Because even experimental recreations of a cause only involve
instances of a law at work, for scientific purposes, absolute
deduction is almost never available. We may apply deduction
during a particular experiment but the results of that deductive
experiment only provide for us an instance from which we induce
ideas about the law or cause as a whole. We never get to observe
the entirety of a law or cause, but only a specific instance
of it at work.
Specifically, with regard to the origin of the universe, we
cannot recreate this event, nor can we go back in time to
watch it occur. Thus, we cannot observe the origin of the
universe and are forced to draw conclusions about the origin
of the universe by observing the effects (particular instances),
which have resulted from that original event. (This problem
also applies to the origin of life since we cannot go back
in time and observe the actual origination of life on earth.)

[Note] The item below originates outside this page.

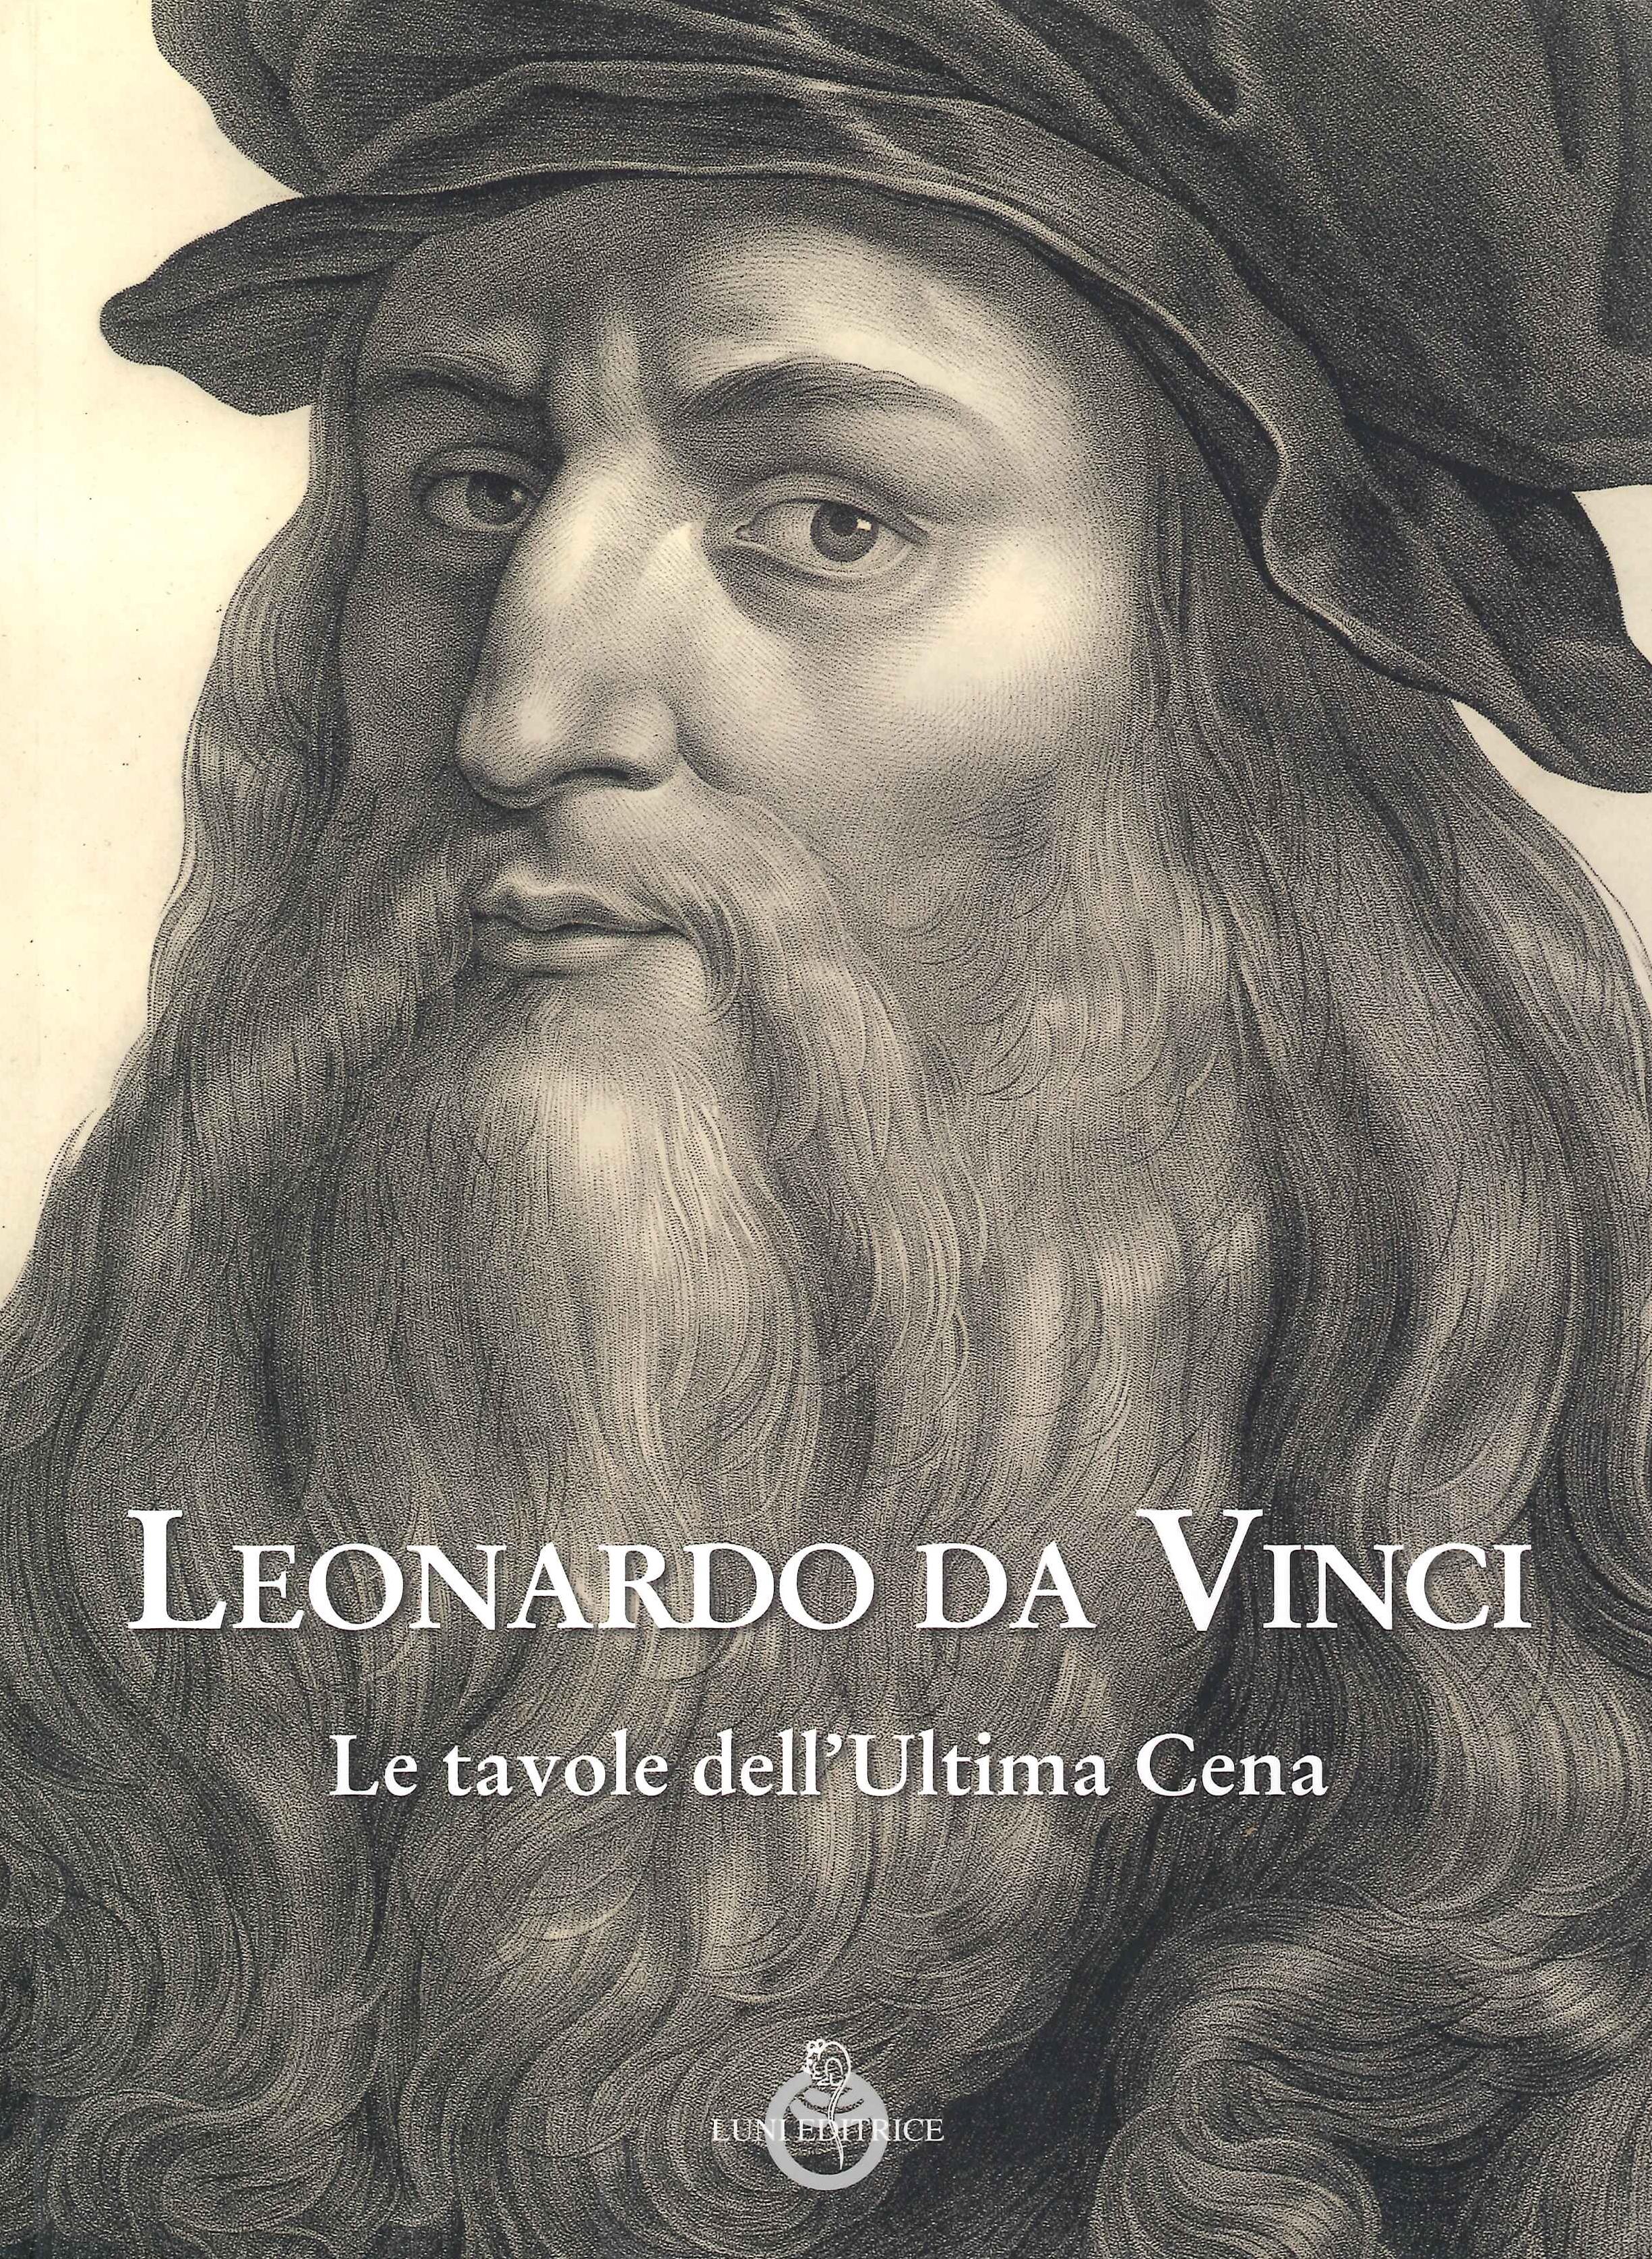 Leonardo da Vinci. Le tavole dell'ultima cena. Ediz. illustrata

Therefore, all theories about the origin of the universe (and
the origin of life) are inductive in nature. And consequently,
one cannot disregard one origin theory in favor of another
on the grounds that a particular theory is based upon induction.
All origin theories necessarily rely upon induction because
we have no direct access to the cause itself (even if we suppose
that the cause is natural laws), we only have direct access
to particular instances of its effects. Conversely, because
all origin theories are necessarily based upon induction,
we can never assert that our conclusions are certain.
In conclusion, since all theories about the origin of the
universe and the origin of life (even atheistic theories)
rely upon induction, not deduction, we cannot reject Theism
based upon its reliance upon induction. Therefore, Atheistic/Agnostic
Charge No. 1 is unjustified and must be discarded.